Abnormal Psychology: Definition & Diagnosis
Terminology Evolution
- Labels shifted from “madness” → “abnormal psychology” (1970s) → “psychopathology” (current), mirroring changes in definition, diagnosis, and treatment.
Historical Perspectives
- Prehistoric trephining: skull punctures to expel evil spirits.
- Hippocrates: mental suffering (melancholia, mania) due to bodily‐fluid imbalance—first naturalistic model.
- Collapse of Greco-Roman world → return to demonology for ~2000 years.
- Kraepelin (1883): launches modern psychiatry; later joined by psychoanalysis, behaviourism, CBT.
- Non-Western cultures may still interpret disorders as spirit possession.
Social Construction of Abnormality
- Normal/abnormal decided by cultural norms, not pure science (Mar Chechin & Hare-Mustin 2009).
- Behaviour lies on a continuum, not a strict dichotomy (Gross 2009).
- Homosexuality: listed as disorder until 1980; removed after DSM vote (1973); still in Chinese CCMD-3.
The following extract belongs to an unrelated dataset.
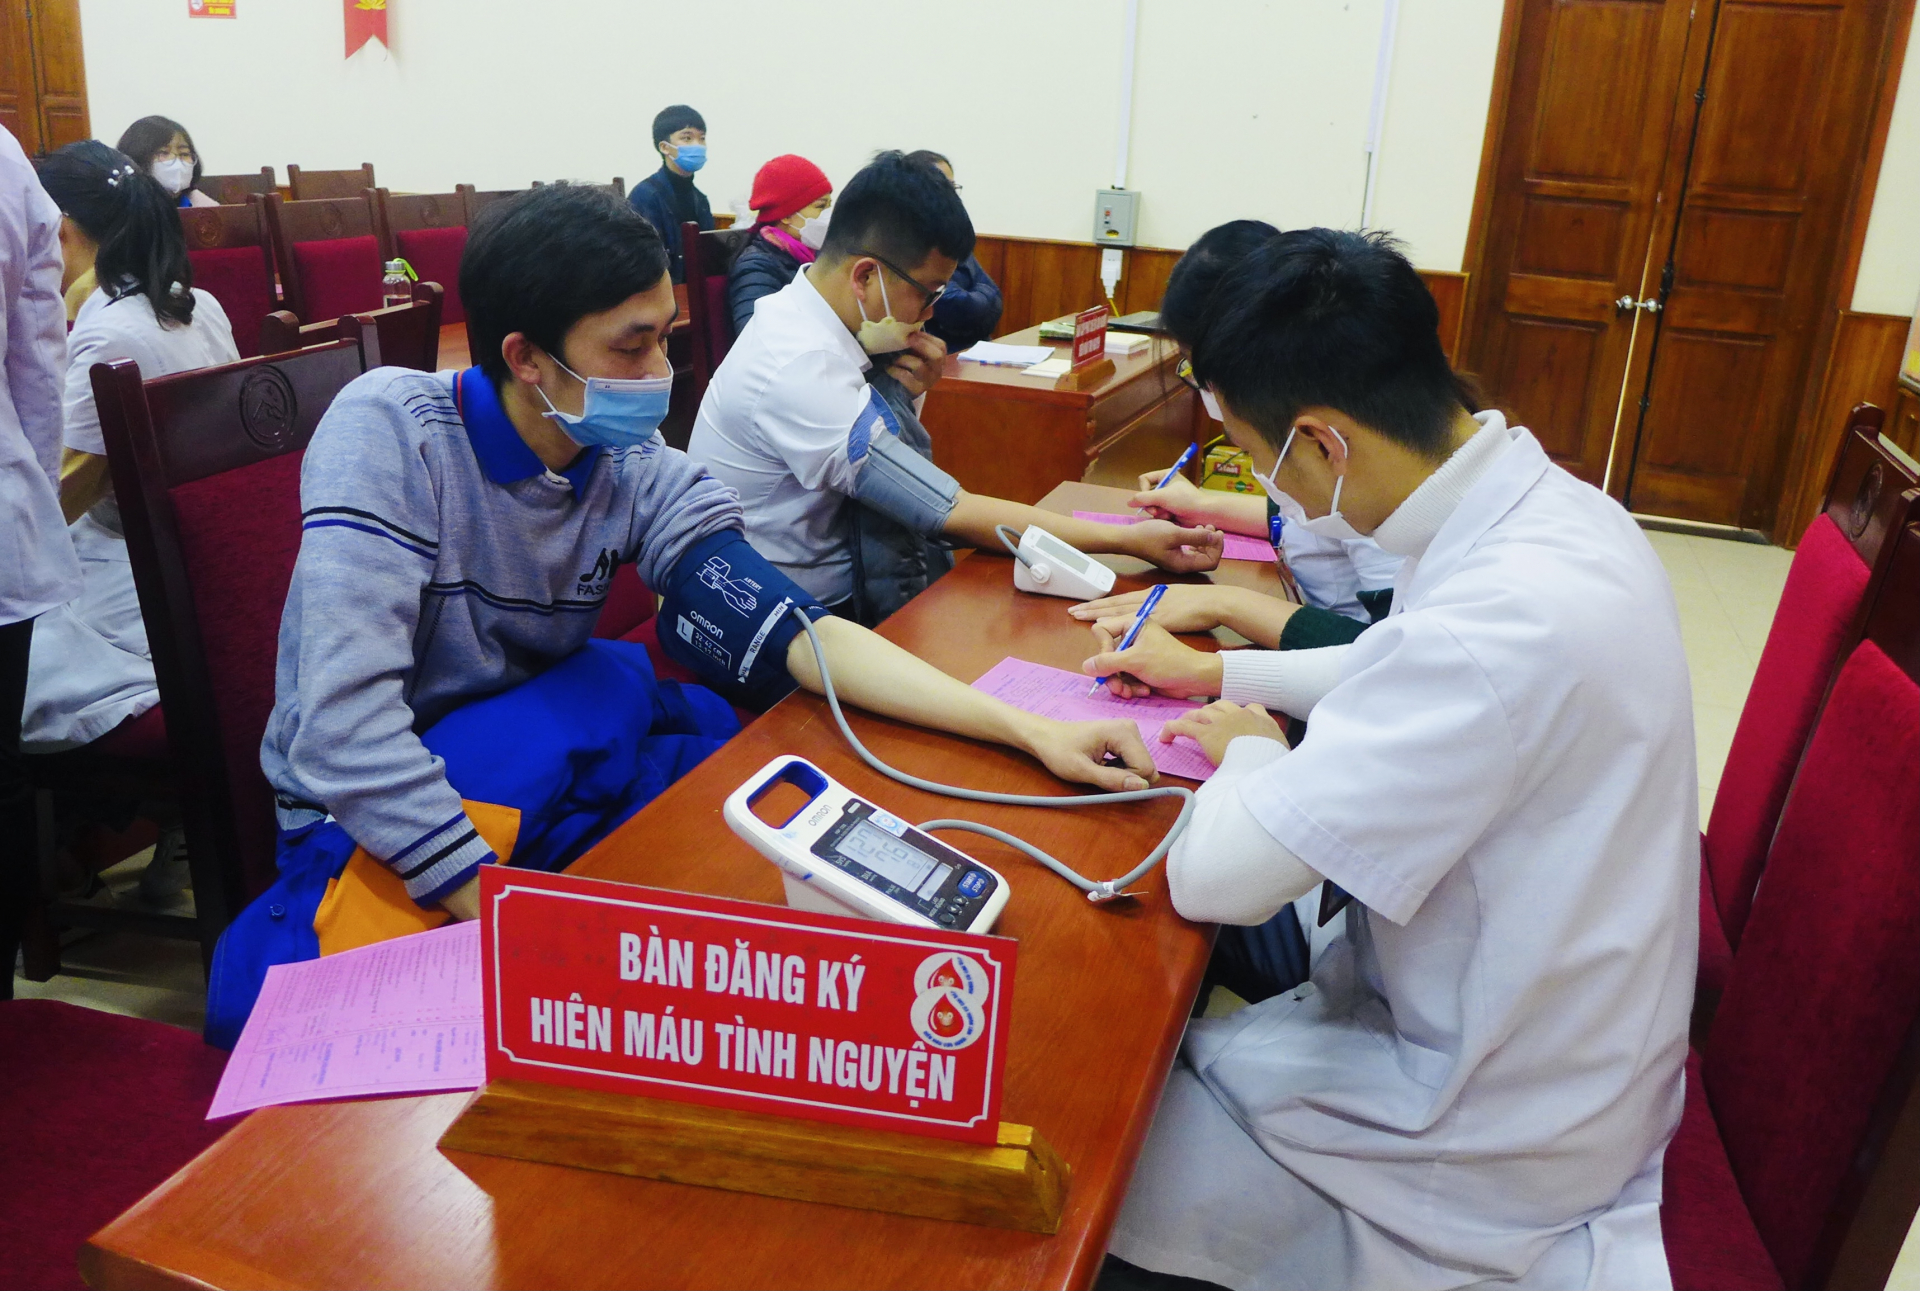 Các tình nguyện đăng ký, kiểm tra sức khỏe trước khi hiến máu tình nguyện

- Johnstone: overnight “cure” shows classification power.
Marginalization & Bias
- Sexism: female sexuality long deemed less normal (Freud; Gergen 1994).
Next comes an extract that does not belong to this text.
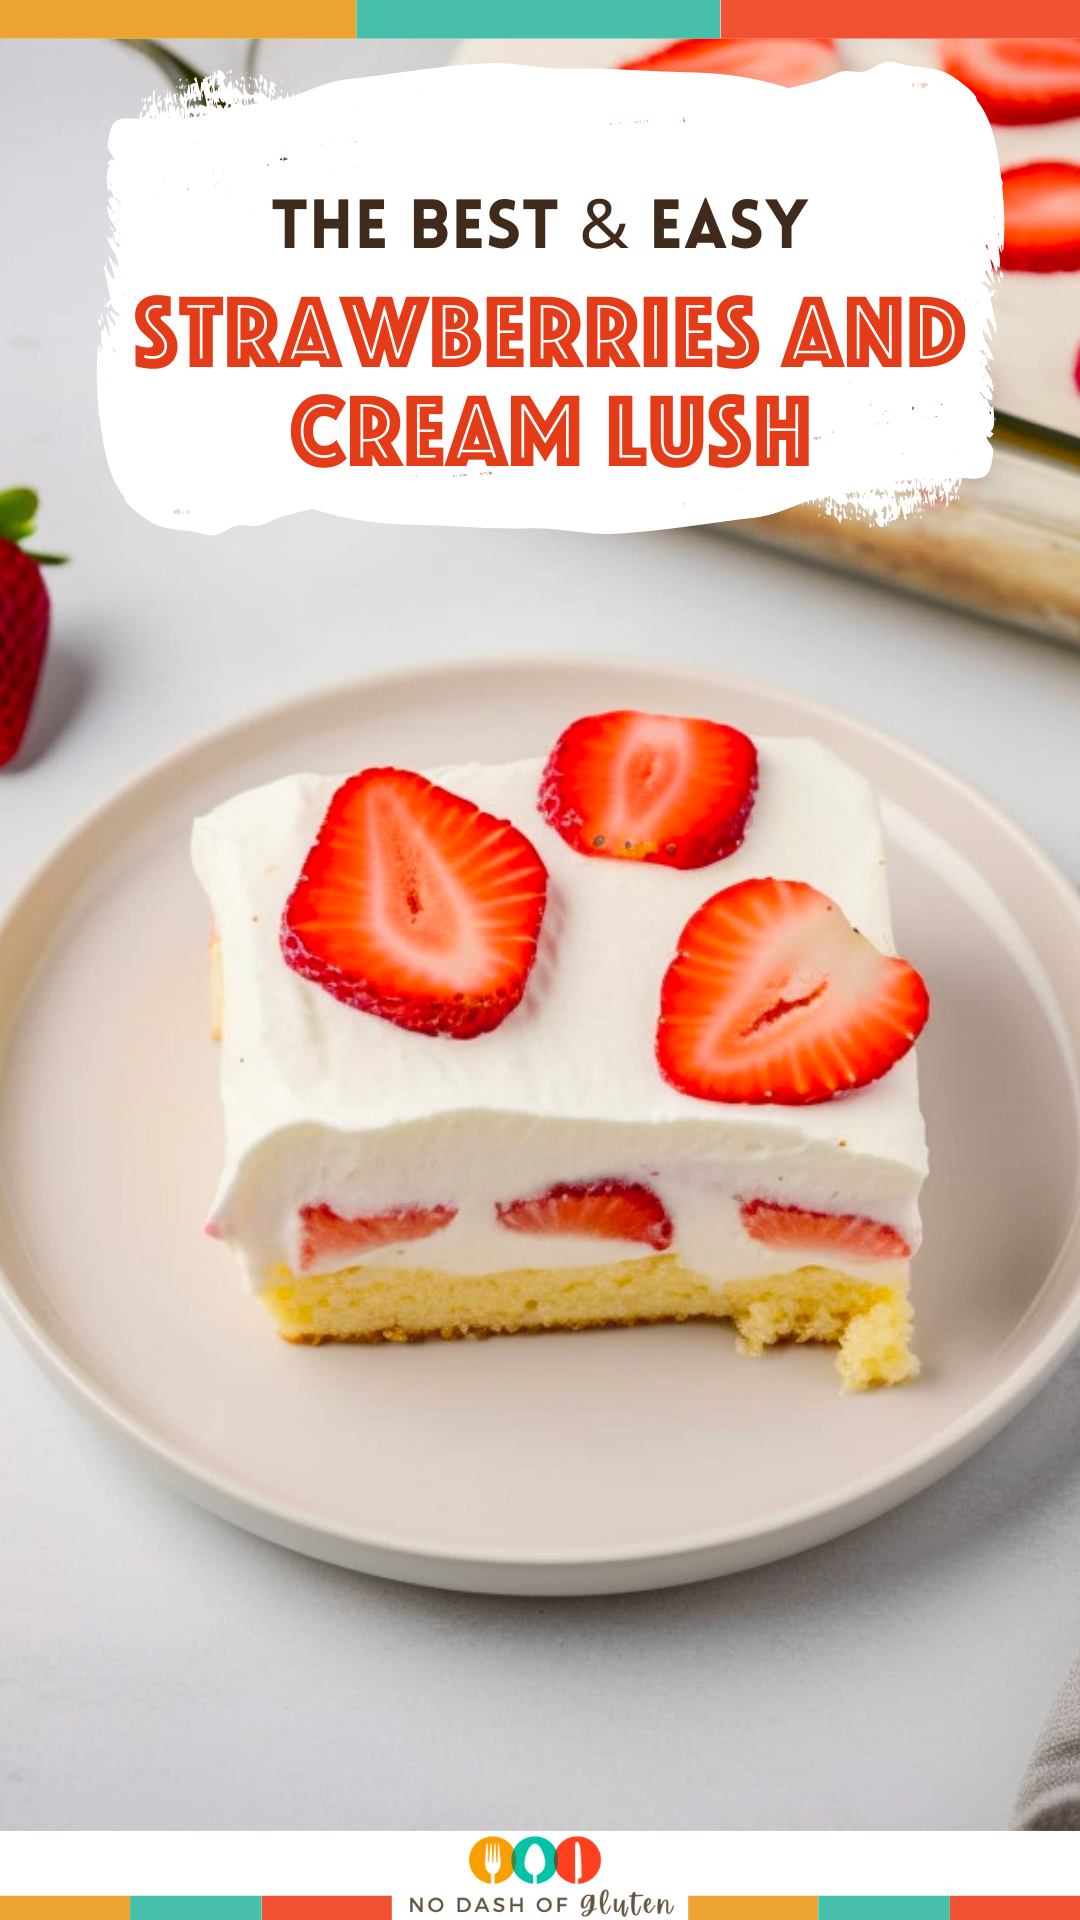 Strawberries and Cream Lush

- Racism: “drapetomania” pathologized slaves’ escape; UK study showed schizophrenia diagnoses 6× higher in Black males, but Caribbean comparison erased difference (Cochrane 1983).
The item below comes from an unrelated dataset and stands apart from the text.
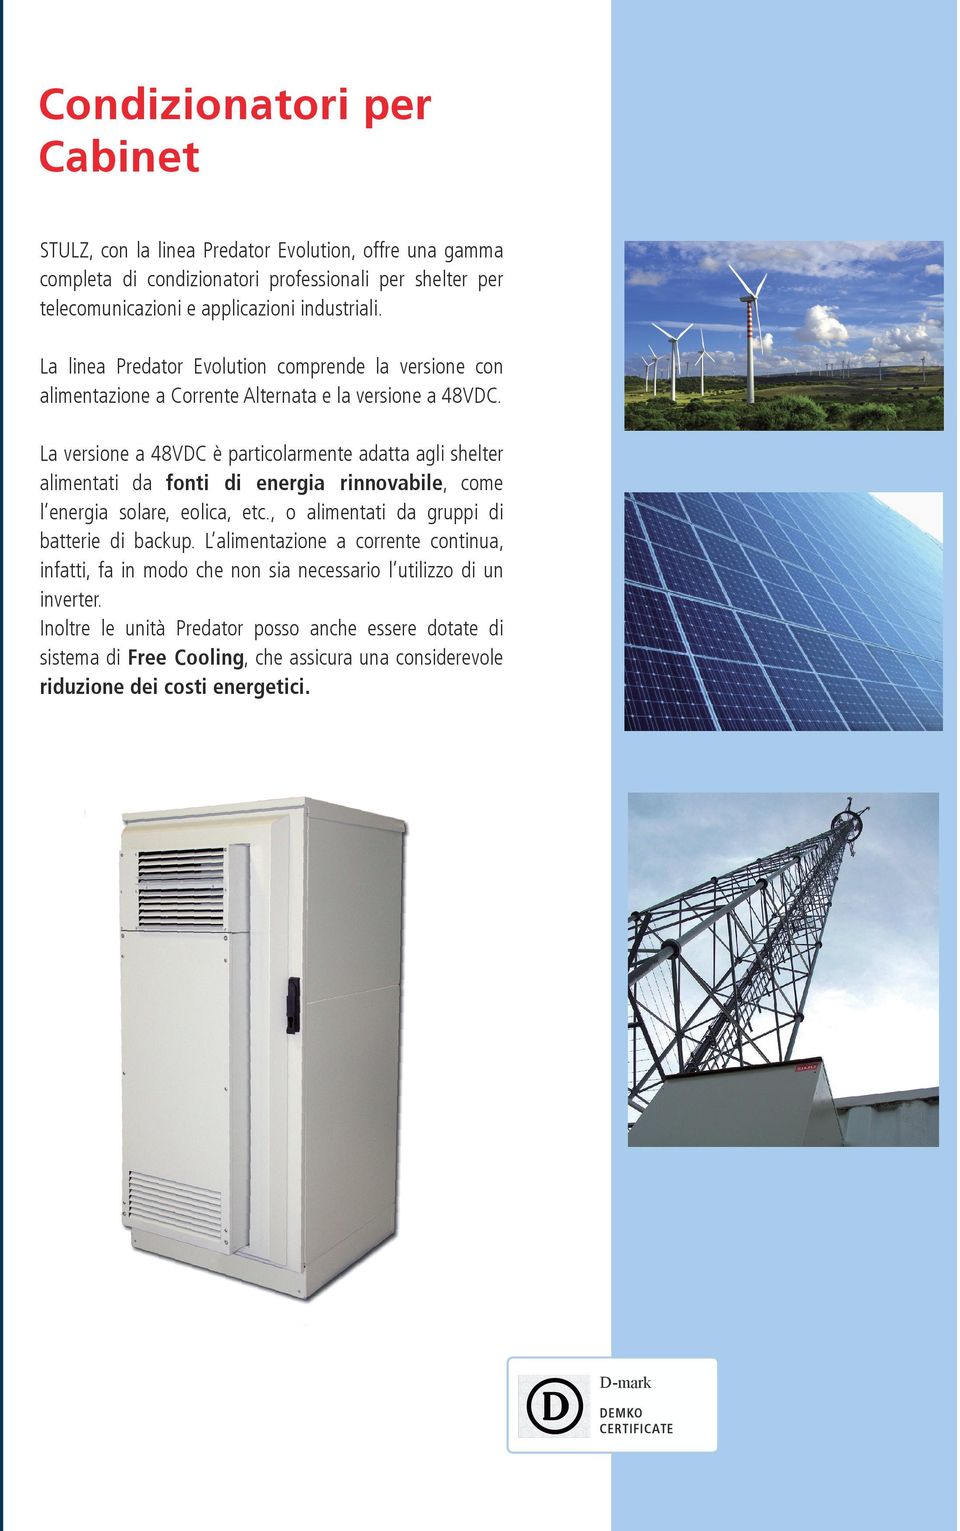 La versione a 48VDC è particolarmente adatta agli shelter alimentati da fonti di energia rinnovabile, come l energia solare, eolica, etc., o alimentati da gruppi di batterie di backup.

Diagnostic Classification Systems
- ICD (WHO): mental-disorder chapter added 1948; current ICD-10 (rev. 2007) lists 10 main categories + “unspecified.”
- DSM (APA): launched 1952; current DSM-IV-TR (2000); DSM-V planned 2013; most widely used for clarity/ease.
- CCMD (China): first 1979; CCMD-3 (2001); views mind–body as unified and stresses cultural specificity.
Reliability & Validity Issues
- Misdiagnosis arises from tool bias & context neglect; behaviour must be interpreted within cultural/social setting (Fine 1989, Altamese case).
- Over- vs under-diagnosis: diagnostics guide attention to some factors, ignore others (Mar Chechin & Hare-Mustin 2009).
- Call to widen systems to include cultural background, environment.
Prevalence & Societal Impact
- Lifetime risk in UK ≈ \frac14 people.
- 94\% believe a diagnosis would harm employment.
- Accurate, culturally sensitive diagnosis is therefore essential.